Lease or loan? Breaking down how to finance your new car
Story by John LeBlanc
You’ve done your test drives. You’ve trudged through the colour charts and looked at all the options. Now comes the question: “How do I finance my next new vehicle?”
For those not fortunate enough to have the cash on hand to buy a new vehicle outright, the “lease versus loan” question is a tough one; especially because of the variety of finance terms being offered in a very competitive new vehicle market.
After the 2008 financial crisis and subsequent drop in new car sales, many automakers simply got out of the leasing business. But as a way to entice buyers in a growing and competitive new vehicle market, leasing has clawed its way back as a financing option.
That said, in general, lease rates aren’t as low as they were seven or eight years ago. And for some models and makes, residual values aren’t as high as well, resulting in larger amounts to finance. All of these changes only mean that doing your homework on the “lease versus loan” question is more important than it ever was.
You may already know that leases and loans are just two different ways of financing. One pays for the use of a vehicle; the other funds the purchase. And each has its own pros and cons.
Say you’re looking at financing a $25,000 new vehicle. When you get a loan, you have to borrow for the entire $25,000 – plus interest charges, plus sales taxes, plus administration fees – all up front. When you lease, you pay the difference in what the vehicle is worth today new and what it will be worth used at the end of the term (which is usually 36 to 48 months). If that $25,000 vehicle has an estimated resale value of $11,000 after 48 months, your lease payments only cover the $14,000 in depreciation – plus interest charges, plus sales taxes, plus administration fees.
Most automaker websites allow you to compare buying versus leasing costs with a “build” feature from the comfort of your home or work cubicle. To see how the “lease versus loan” scenario works, let’s take for example Canada’s perennial best-selling new car: the Honda Civic compact sedan.

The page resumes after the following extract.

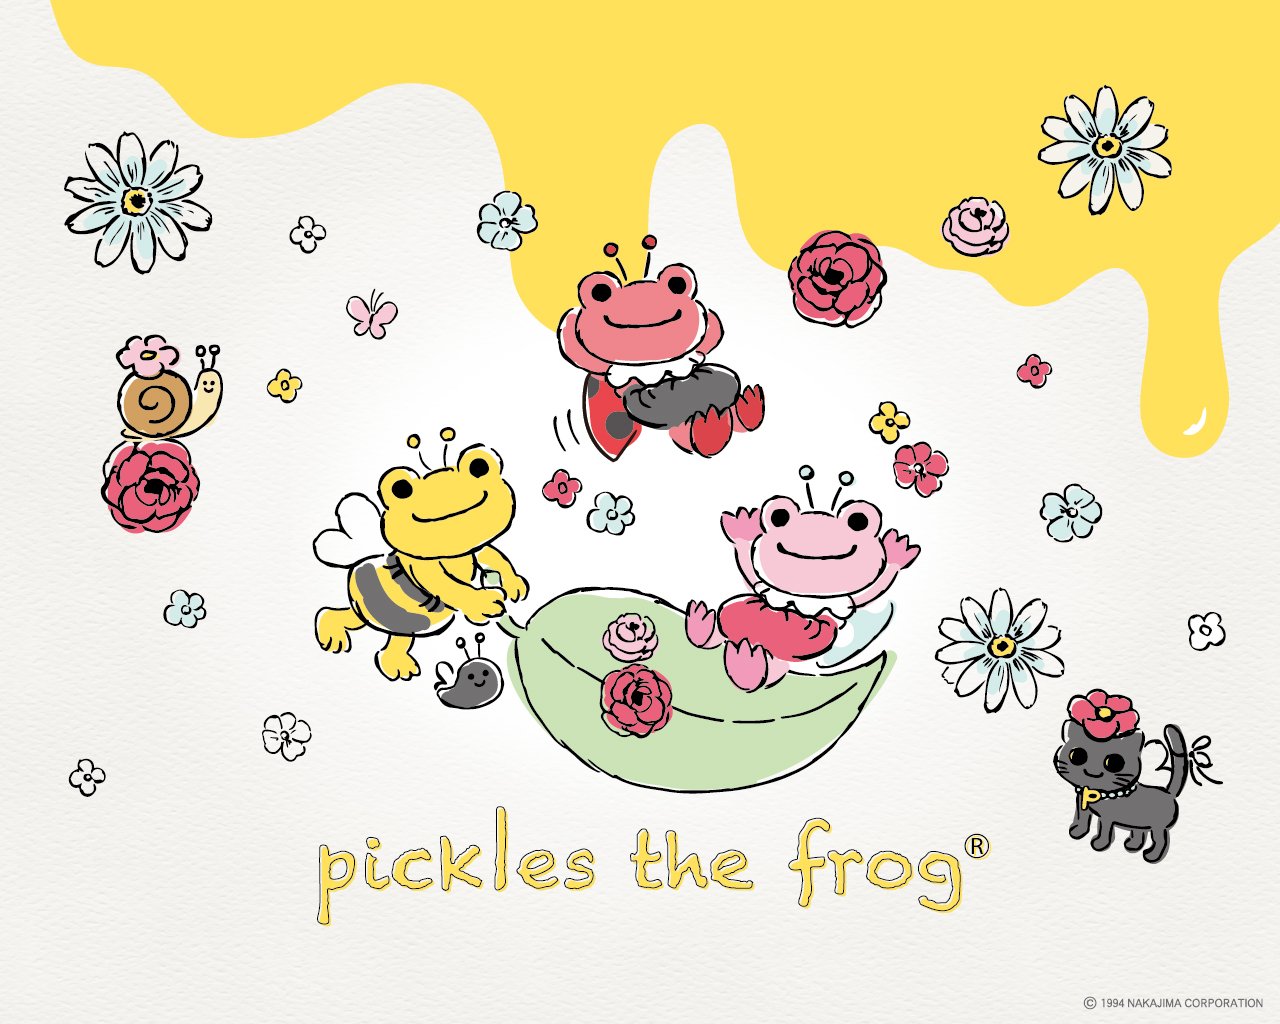 Pickles The Frog News かえるのピクルスnews Hpダウンロード更新しました かえるのピクルス Picklesthefrog 3月 春 3月の壁紙は春の虫に変身したピクルスたちのイラストです ブックカバー カレンダー スマートフォン用壁紙もありますので
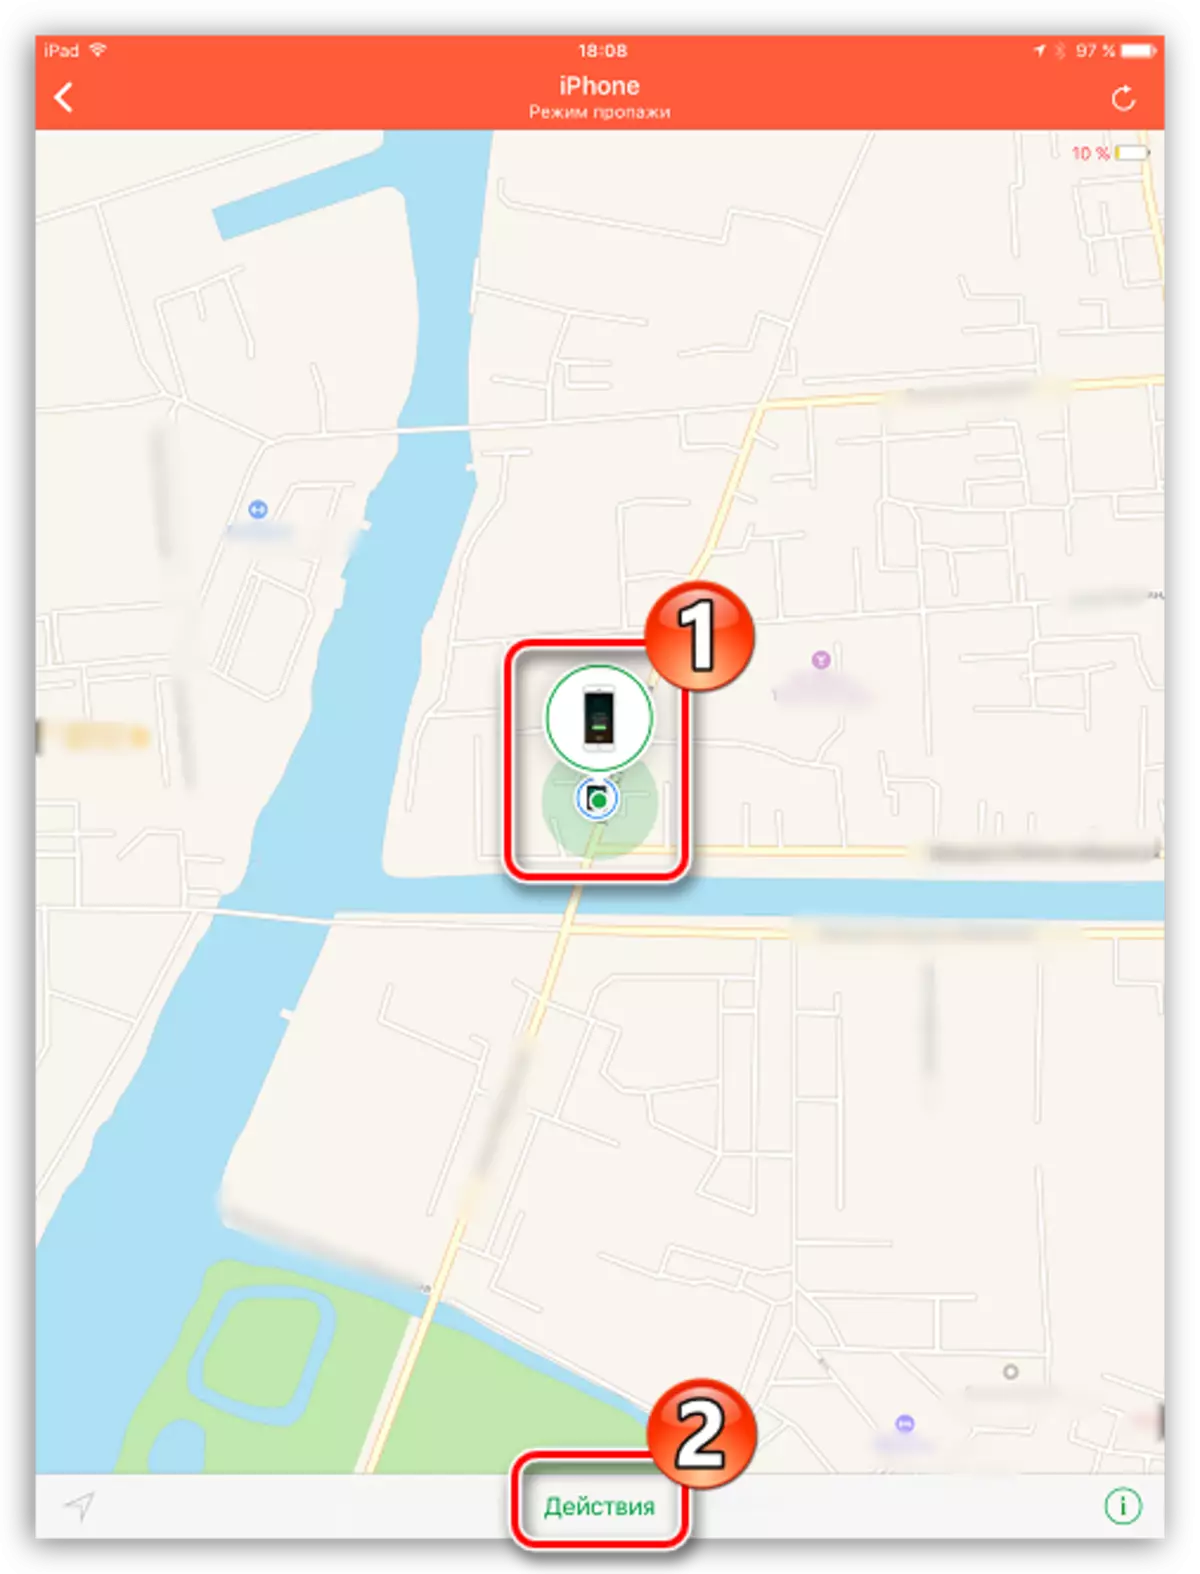 Ver localización iphone no mapa a través do iPad

Between the $17,323 base model DX and the top-of-the-line $28,423, I chose the mid-range $20,750 2015 Civic EX sedan; Honda’s familiar 143-horsepower, 1.8-litre four-cylinder, mated to a five-speed manual transmission, powers the Civic EX. It also comes with a bunch of standard kit — rearview backup camera, blind spot display, power moonroof and a leather-wrapped steering wheel — that makes daily driving a bit easier.
To increase my Civic EX’s resale value, I also added a $1,300 continuously variable automatic transmission as the only option. Add in a $1,665 freight and pre-delivery inspection fee, and the associated federal and provincial taxes based on my Ottawa address, and the total purchase price (notwithstanding any factory or dealer rebates or your ability to negotiate) of my virtual 2015 Civic EX sedan came to $25,325.
Now, when I click on the website’s “Build & Price” button, I’m presented with clear comparisons of my “lease versus loan” costs. If I only looked at the monthly costs, the $328.55 lease looks like a good deal compared to the $554.86 loan figure — who doesn’t want to save over $200 on their monthly budget? But when you factor in the long-term costs, the differences — or lack thereof — become more evident.
Based on putting $0 down over a 48-month term, the 2015 Civic EX lease rate is 6.83 per cent, while the loan rate is 4.0 per cent. Plus, I need to pay an upfront $371 if I lease, but nothing if I get a loan.
If I lease the Honda, I will have paid $16,141.40 after four years (if I stick to the 24,000 kilometres per year limit, or else Honda will charge me an additional $0.08/km).
If I get a loan, I will have paid $26,623.28. But – and it’s a big “but” — I will own a vehicle (that according to Honda) is worth $10,375. Factor that in, and my outlay for the loan is $16,258.28 — or the cost of a large coffee per month more than the lease.
You can spend the better part of a morning at work noodling around on any automaker’s website, playing with “lease versus loan” scenarios. But in the end, each calculation will roughly end up with similar pay-me-later leases or pay-me-now loans.
Which is why, faced with the decision to lease or loan, new vehicle buyers have to not only look beyond these financial comparisons (rates, terms, residual values, required deposits, administration fees, rebates), but also review their driving lifestyle priorities:
• Are long-term cost savings more important than lower monthly payments?
• Is having a new vehicle every two or three years with no major repairs more important than potential long-term repair costs?
• Do you like to own your vehicle, as opposed to having lower up-front costs and no down payment?
• Is the thought of having your vehicle paid off enticing, even if that means higher monthly payments for the initial few years of ownership?
In the end, leasing usually does not build equity, while buying a vehicle — and paying it off — does.
Even simpler: Leasing equals lower payments, no equity; borrowing equals higher payments, with some equity.
In either case – lease versus loan – choosing a vehicle that will retain its value after three or four years is essential, and will pay off in the long run.